◆ What to work on: Search the records for the string "Images", then copy each line where it appears.

◆ Records for this exercise:
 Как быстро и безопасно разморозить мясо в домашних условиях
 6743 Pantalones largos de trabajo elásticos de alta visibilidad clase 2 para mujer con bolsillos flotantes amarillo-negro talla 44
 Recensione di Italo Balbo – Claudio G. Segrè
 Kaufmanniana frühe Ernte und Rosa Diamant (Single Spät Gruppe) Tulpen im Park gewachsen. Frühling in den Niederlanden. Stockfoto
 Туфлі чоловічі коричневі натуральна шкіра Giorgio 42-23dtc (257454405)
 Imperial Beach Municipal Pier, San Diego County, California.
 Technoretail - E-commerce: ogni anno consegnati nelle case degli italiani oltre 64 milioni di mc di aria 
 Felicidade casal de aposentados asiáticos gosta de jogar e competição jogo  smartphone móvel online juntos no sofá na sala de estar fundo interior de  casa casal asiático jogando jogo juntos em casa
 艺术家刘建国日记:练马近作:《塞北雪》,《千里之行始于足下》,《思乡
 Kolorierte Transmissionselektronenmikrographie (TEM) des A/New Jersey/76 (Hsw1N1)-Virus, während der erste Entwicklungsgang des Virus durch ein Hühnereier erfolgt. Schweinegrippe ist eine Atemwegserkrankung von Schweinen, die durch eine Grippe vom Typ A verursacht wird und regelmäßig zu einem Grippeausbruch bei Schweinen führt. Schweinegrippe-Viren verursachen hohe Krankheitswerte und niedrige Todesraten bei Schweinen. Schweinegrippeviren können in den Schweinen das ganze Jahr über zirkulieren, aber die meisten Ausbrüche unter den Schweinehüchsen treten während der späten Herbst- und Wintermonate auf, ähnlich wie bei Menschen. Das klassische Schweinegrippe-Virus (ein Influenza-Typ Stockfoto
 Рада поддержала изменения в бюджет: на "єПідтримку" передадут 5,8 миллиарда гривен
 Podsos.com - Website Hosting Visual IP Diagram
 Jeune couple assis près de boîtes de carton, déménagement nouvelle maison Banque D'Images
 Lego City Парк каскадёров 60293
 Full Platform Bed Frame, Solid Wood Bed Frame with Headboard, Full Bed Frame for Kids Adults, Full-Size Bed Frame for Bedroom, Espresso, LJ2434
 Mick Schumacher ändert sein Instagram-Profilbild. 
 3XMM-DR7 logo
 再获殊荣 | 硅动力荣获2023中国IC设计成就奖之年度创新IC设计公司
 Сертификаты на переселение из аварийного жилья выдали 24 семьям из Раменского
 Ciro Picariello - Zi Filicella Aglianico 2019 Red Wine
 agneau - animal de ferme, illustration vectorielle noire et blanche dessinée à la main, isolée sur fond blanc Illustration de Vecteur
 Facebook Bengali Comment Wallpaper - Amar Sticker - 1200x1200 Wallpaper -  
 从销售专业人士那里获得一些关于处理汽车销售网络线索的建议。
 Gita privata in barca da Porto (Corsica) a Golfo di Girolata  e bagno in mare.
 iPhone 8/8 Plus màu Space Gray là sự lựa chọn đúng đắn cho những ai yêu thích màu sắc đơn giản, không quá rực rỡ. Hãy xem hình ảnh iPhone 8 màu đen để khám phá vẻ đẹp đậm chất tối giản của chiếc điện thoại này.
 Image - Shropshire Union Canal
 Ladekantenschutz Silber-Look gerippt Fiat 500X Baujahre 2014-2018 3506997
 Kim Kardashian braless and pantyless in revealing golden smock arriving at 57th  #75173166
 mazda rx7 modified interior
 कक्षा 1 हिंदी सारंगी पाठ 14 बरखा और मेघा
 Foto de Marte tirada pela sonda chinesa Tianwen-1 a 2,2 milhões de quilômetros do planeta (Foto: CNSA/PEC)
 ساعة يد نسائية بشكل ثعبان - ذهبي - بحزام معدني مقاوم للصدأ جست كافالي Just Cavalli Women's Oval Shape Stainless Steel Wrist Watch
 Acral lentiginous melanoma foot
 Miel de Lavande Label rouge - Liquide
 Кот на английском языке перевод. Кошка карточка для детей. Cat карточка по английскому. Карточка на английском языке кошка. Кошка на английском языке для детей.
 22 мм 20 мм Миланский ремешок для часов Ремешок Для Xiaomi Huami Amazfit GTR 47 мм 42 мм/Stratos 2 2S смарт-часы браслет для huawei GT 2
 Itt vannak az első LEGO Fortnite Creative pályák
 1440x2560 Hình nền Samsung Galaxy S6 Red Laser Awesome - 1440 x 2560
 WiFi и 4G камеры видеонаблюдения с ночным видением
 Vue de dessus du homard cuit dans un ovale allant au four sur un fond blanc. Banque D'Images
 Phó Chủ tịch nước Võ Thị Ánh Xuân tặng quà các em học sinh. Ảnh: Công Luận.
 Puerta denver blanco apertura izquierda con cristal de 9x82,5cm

◆ Response to this exercise:
 Jeune couple assis près de boîtes de carton, déménagement nouvelle maison Banque D'Images
 Vue de dessus du homard cuit dans un ovale allant au four sur un fond blanc. Banque D'Images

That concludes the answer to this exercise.